The 2nd Battalion, 321 Field Artillery Regiment, beret flash—more accurately referred to as an organizational flash as it points to a specific unit or organization—was approved on 2 March 2006. This insignia is worn centered on the stiffener of the maroon beret reserved for wear by members of Airborne-designated units, with Officers (save Chaplains) placing their nonsubdued insignia of rank on it and Enlisted personnel wearing the Distinctive Unit Insignia of the 321st Field Artillery Regiment.
Inactivated in April 2014, the 2nd Battalion, 321st Field Artillery Regiment was originally constituted as Battery B, 321st Field Artillery, an element of the 82nd Division, in August 1917. It would fight in three campaigns during World War I before returning stateside and undergoing demobilization in 1919. It would also undergo a couple of reorganizations and redesignations that eventually led to is designation as Battery B, 321st Glider Field Artillery regiment, an element of the 101st Airborne Division, in August 1942.
During World War II, the Battery fought in four campaigns, earning two Arrowhead devices for taking part in assault landings during the Normandy and Rhineland campaigns. Its military decorations for service between the D-Day landings and the end of the war include a Presidential Unit Citation for its stand at Bastogne during the Battle of the bulge; a French Croix de Guerre with Palm, WWII for action following the Normandy invasion; a Netherlands Orange Lanyard; a Belgian Fourragere for two citations in the Order of the Day of the Belgium Army; and a Belgian Croix de Guerre 1940 with Palm.
The Battery went through several sporadic inactivations/reactivations in the years following World War II, and in February 1964 it was relieved from its assignment to the 101st Airborne Division and assigned once again to the 82nd Division, now the 82nd Airborne Division. Reorganized as Headquarters, Headquarters and Service Battery, 2nd Battalion, 321st Field Artillery, it was activated in May 1964 and eventually deployed to Vietnam, where its first action came in the bloody Tet Counteroffensive in the winter and spring of 1968.

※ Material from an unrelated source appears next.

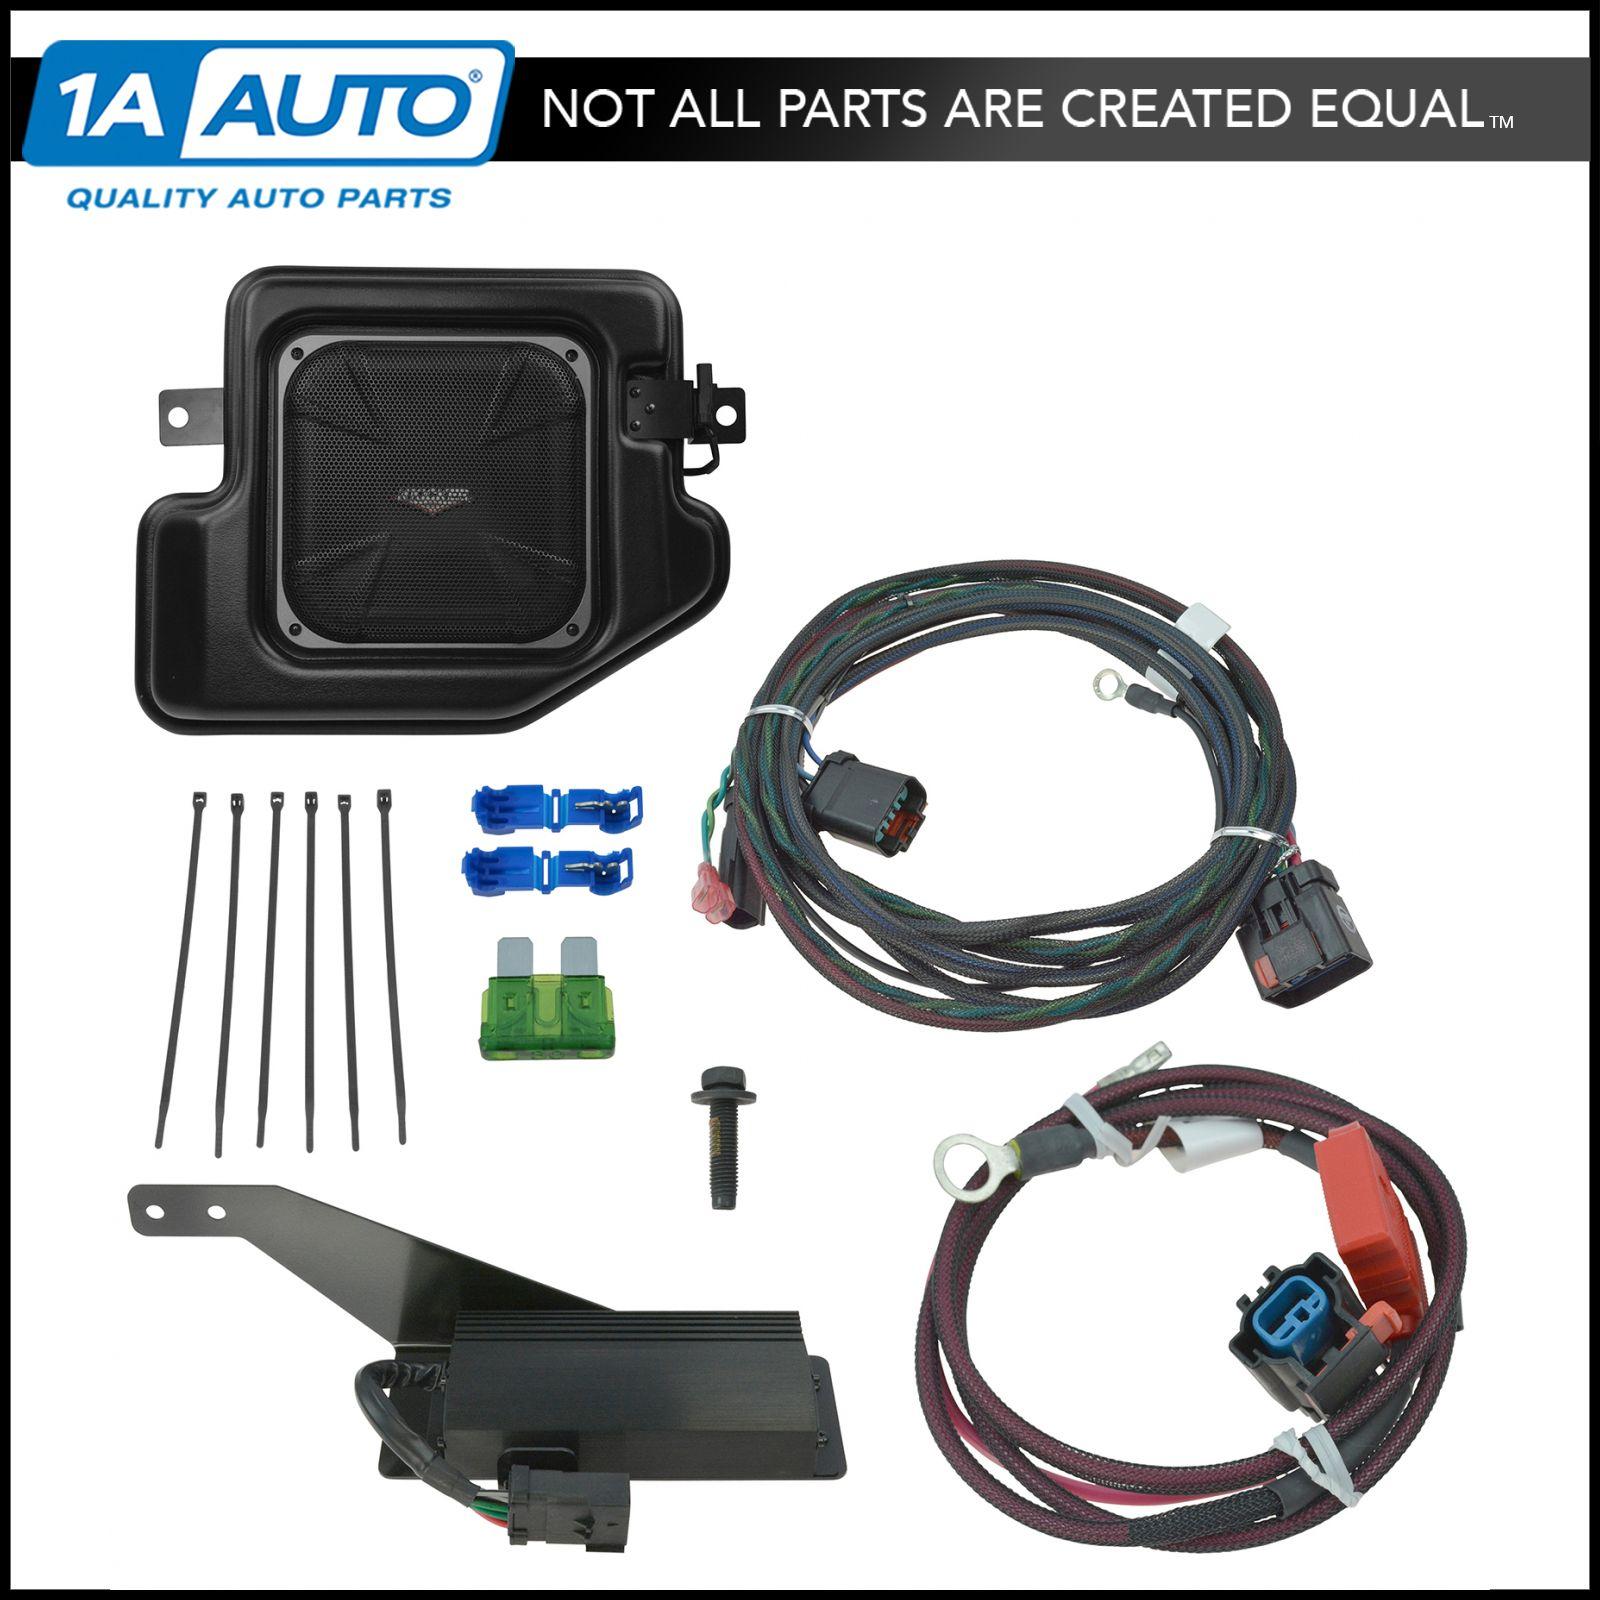 hight resolution of details about oem 77kick44 10 inch kicker subwoofer speaker kit for dodge ram pickup truck new
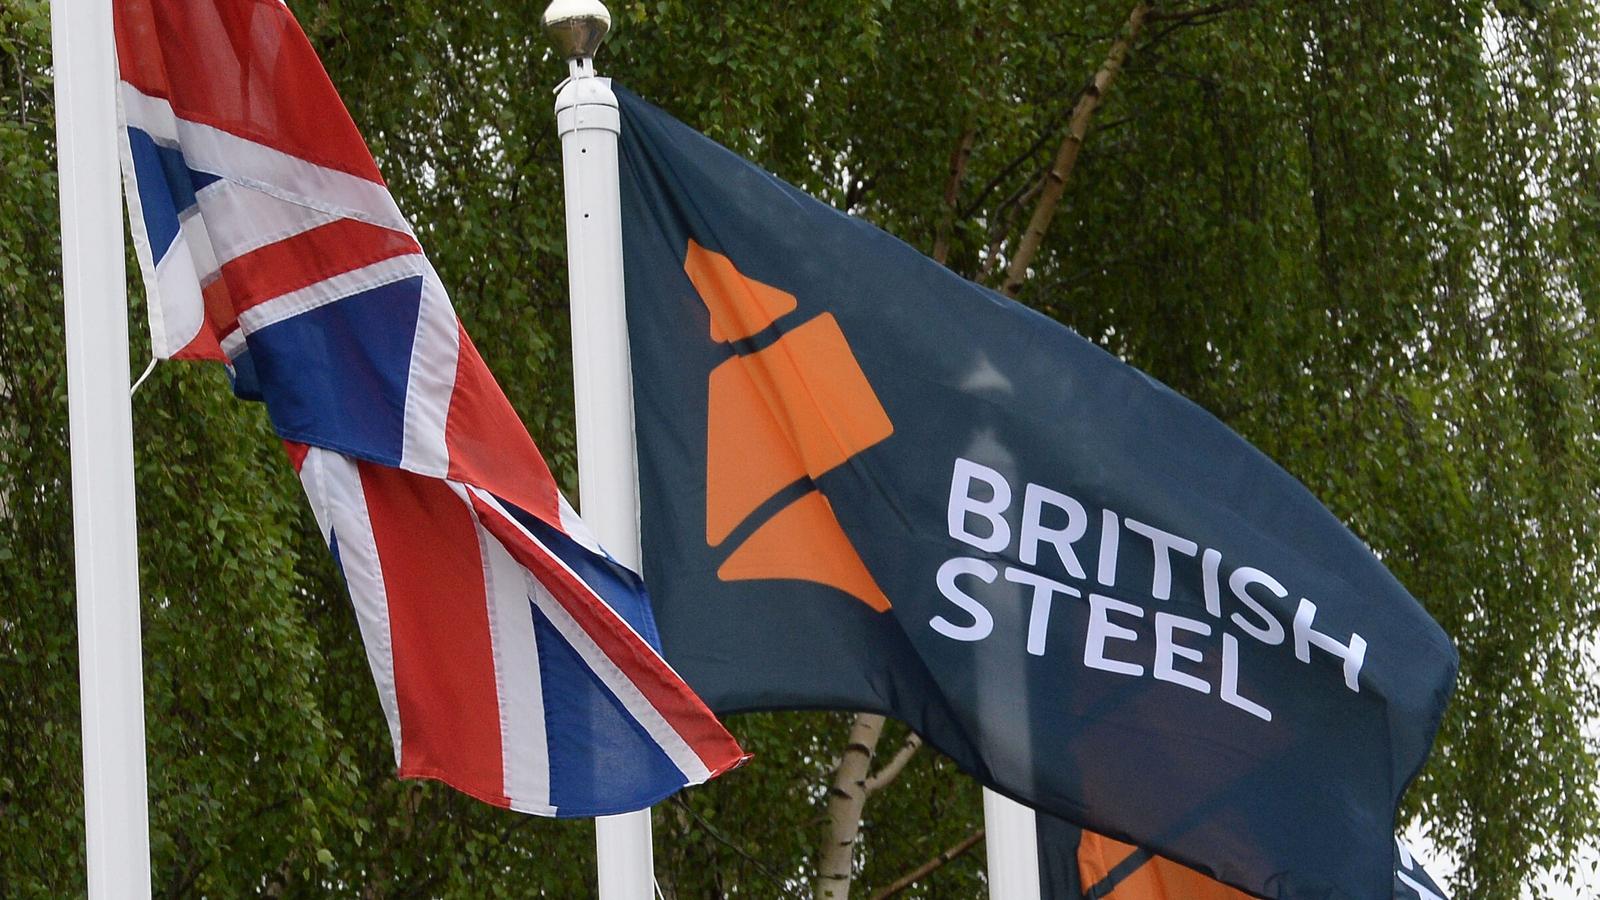 Uk High Court Orders British Steel Into Liquidation

By 1971, the Battalion had fought in seven campaigns, and its service during this period was later recognized with a Republic of Vietnam (ROV) Cross Gallantry with Palm award and an ROV Civil Action Honor Medal, First Class (Batteries A and B were individually awarded the Valorous Unit Award for service during the defense of Saigon and Battle of Hue. As previously mentioned, the Battalion was inactivated from 1986 until 2006, when it was assigned to the 4th Brigade Combat Team, 82nd Airborne and activated at Fort Bragg (known as Fort Liberty since June 2023). Over the final eight years of its service life, the Battalion was deployed to Afghanistan three times in support of the War on Terrorism.
Between August 2009 and 2010, the heroism and courage under fire displayed by the Battalion’s HQ and HQ Battery and Batteries A and B were subsequently recognized with Valorous Unit Awards, Battery A for action in the Zabul and Kandahar provinces and the HHB and Battery B for their service as part of Task Force Professional operating in Herat, Ghor, and Badghis provinces.